The images generated from the imaging process described in Section 4.4 were used to determine the following:

• • RMS of Stokes V image: The root mean square over a small area (100 by 100 pixels area) sitting at one corner of the image, away from the concentration of source emissions.

• • $PKS0026-23$ flux density S: $PKS0026-23$ is the brightest source in the field of view with a flux density of 17.47 Jy at 150 MHz as reported in the GLEAM survey (Wayth et al. Reference Wayth2015; Hurley-Walker et al. Reference Hurley-Walker2017). Here, a naive extraction of the flux density was done. It was evaluated as the integration over the area centred at the source within a radius spanning two synthesised beams. The radius was chosen to account for any remaining phase offset. The extraction was done separately on both polarisations.

Using the aforementioned quantities, five data quality assessment metrics were constructed:

1. 1. $V_{\mathrm{rms}} (\mathrm{unsub})$ : RMS across a selected pixel box in Stokes V image.

2. 2. $\frac{S_{V}}{(S_{\mathrm{EW}} + S_{\mathrm{NS}})}$ : Ratio of $PKS0023-026$ flux density S extracted from Stokes V to sum of flux density extracted from EW and NS polarisations.

3. 3. $(S_{\mathrm{EW}}, S_{\mathrm{NS}})$ : Difference between $PKS0023-026$ flux densities across EW and NS polarisations.

4. 4. $S_{\mathrm{EW}}(\frac{\mathrm{sub}}{\mathrm{unsub}})$ : Ratio of $PKS0023-026$ flux density from subtracted image to unsubtracted image along EW polarisation.

5. 5. $S_{NS}(\frac{\mathrm{sub}}{\mathrm{unsub}})$ : Ratio of $PKS0023-026$ flux density from subtracted image to unsubtracted image along NS polarisation.

The cutoff thresholds for the derived quantities were evaluated using the $3\sigma$ -rule. The results are provided in Table 2. Since the Murchison Widefield Array (MWA) consists of linearly polarised dipoles, we anticipate minimal circularly polarised visibilities, as there are no bright Stokes V sources within our primary beam. The distribution of the pixels in Stokes V should, in principle, be noise-like; therefore, the mean is expected to be around zero, with no skewness. Observations not adhering to this criterion and bearing an RMS value greater than $9.5$ mJy are filtered out. The top panel of Fig. 11 presents the RMS values in Stokes V for observations that passed this criterion as a function of local sidereal time. We observed that this filter excludes all observations from pointing $-3$ . It is evident that the East-West negative pointings exhibit higher RMS values than the positive ones. Pointings $-2$ and $-1$ have the Galactic Centre in the second sidelobe of the primary lobe, and the emission could be leaking into Stokes V. The increase in RMS towards the positive pointings may be attributed to the influence of Fornax A, as it moves into the first sidelobe of the primary beam.

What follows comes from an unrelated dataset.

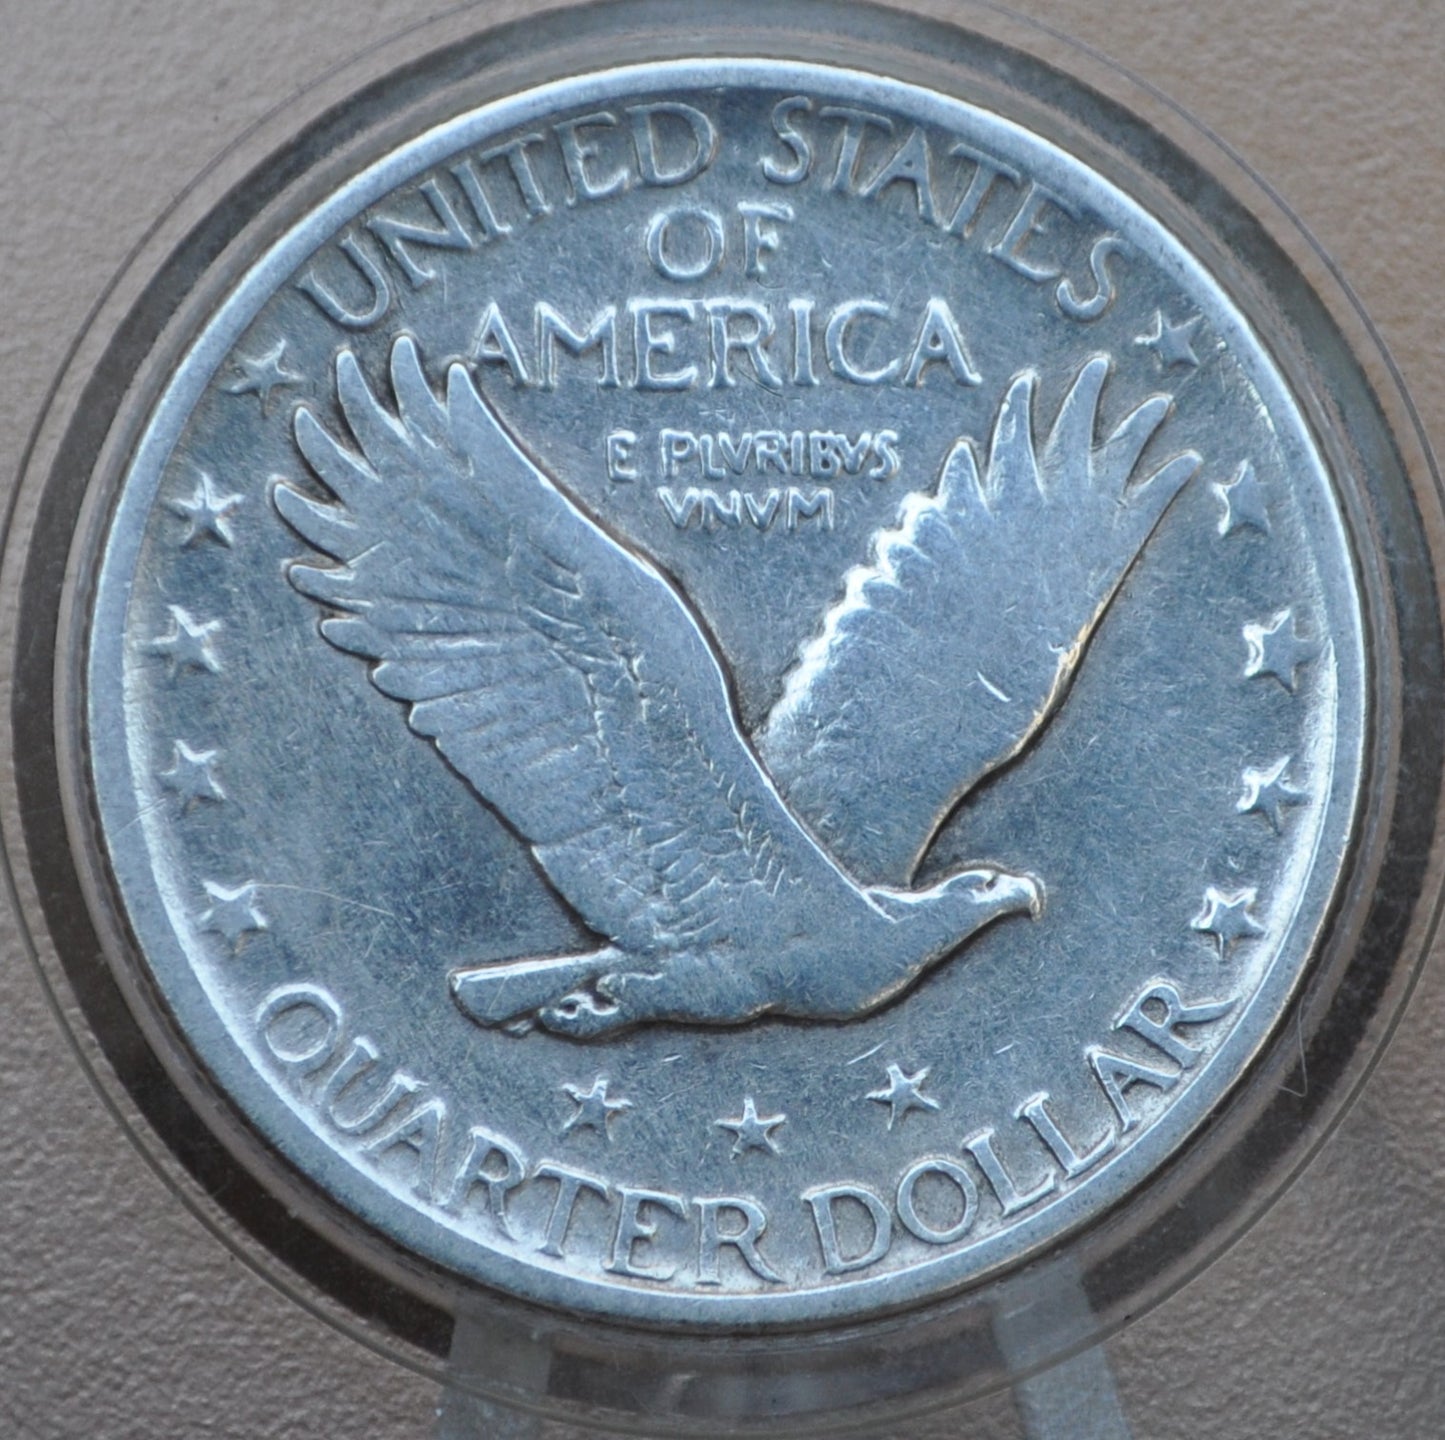 1920 Standing Liberty Quarter - F (Fine) Details, Cleaned - 1920 P Standing Liberty Standing Silver Quarter - Better Date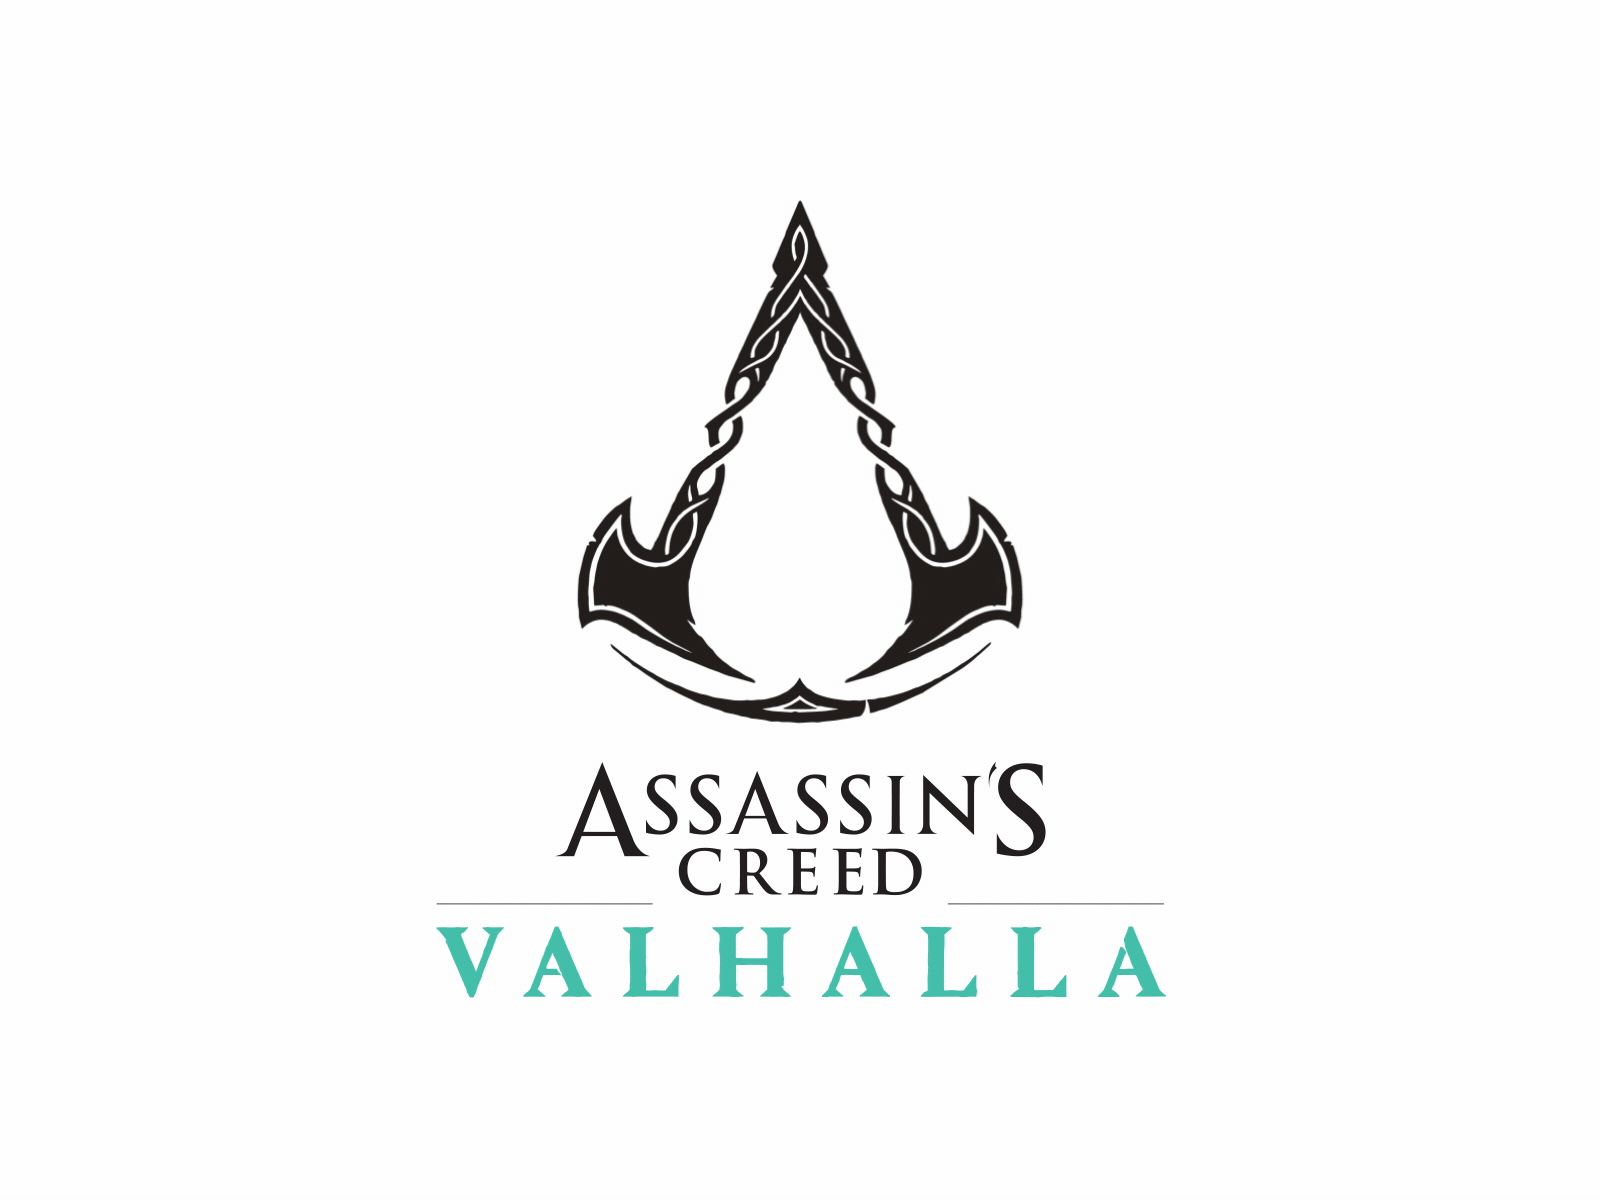 Assassin's creed - Valhalla | Intro Logo Animation

Figure 11. Top: RMS values of Stokes V in Jy beam $^{-1}$ of the chosen observations plotted as a function of LST (adopting same LST convention as Fig. 8). The colours indicate pointing. Bottom Ratio of estimated $PKS0026-23$ flux density from Stokes V to sum of EW and NS images as a function of LST.

The flux density ratio of the source $PKS0023-026$ in Stokes V to the sum of EW and NS polarisations (equivalent to pseudo-Stokes I) was calculated. This quantity informs us about the percentage of instrumental leakage from $(EW+NS) \rightarrow V$ that could also occur in the reverse direction, $V \rightarrow (EW+NS)$ . Observations with an estimated leakage greater than $0.3\%$ were discarded. Fractional ratios for the successful observations are shown in the bottom panel of Fig. 11, following a similar trend as the RMS, except for pointings 2 and 3. The flux densities of $PKS0026-23$ from Stokes V images conform to the RMS trend, except for pointings 2 and 3. This behavior might be attributed to the position of $PKS0026-23$ , such that Fornax A has a negligible contribution. The ratio of the flux density after to before foreground removal was also scanned, such that observations with values below 13% were allowed to proceed.

The aforementioned metrics aimed to mitigate observations dominated by RFI, ionosphere, or contamination from nearby bright emissions. They also identified observations for which calibration and foreground subtraction did not perform well. This under-performance may be attributed to unidentified or unclassified systematics.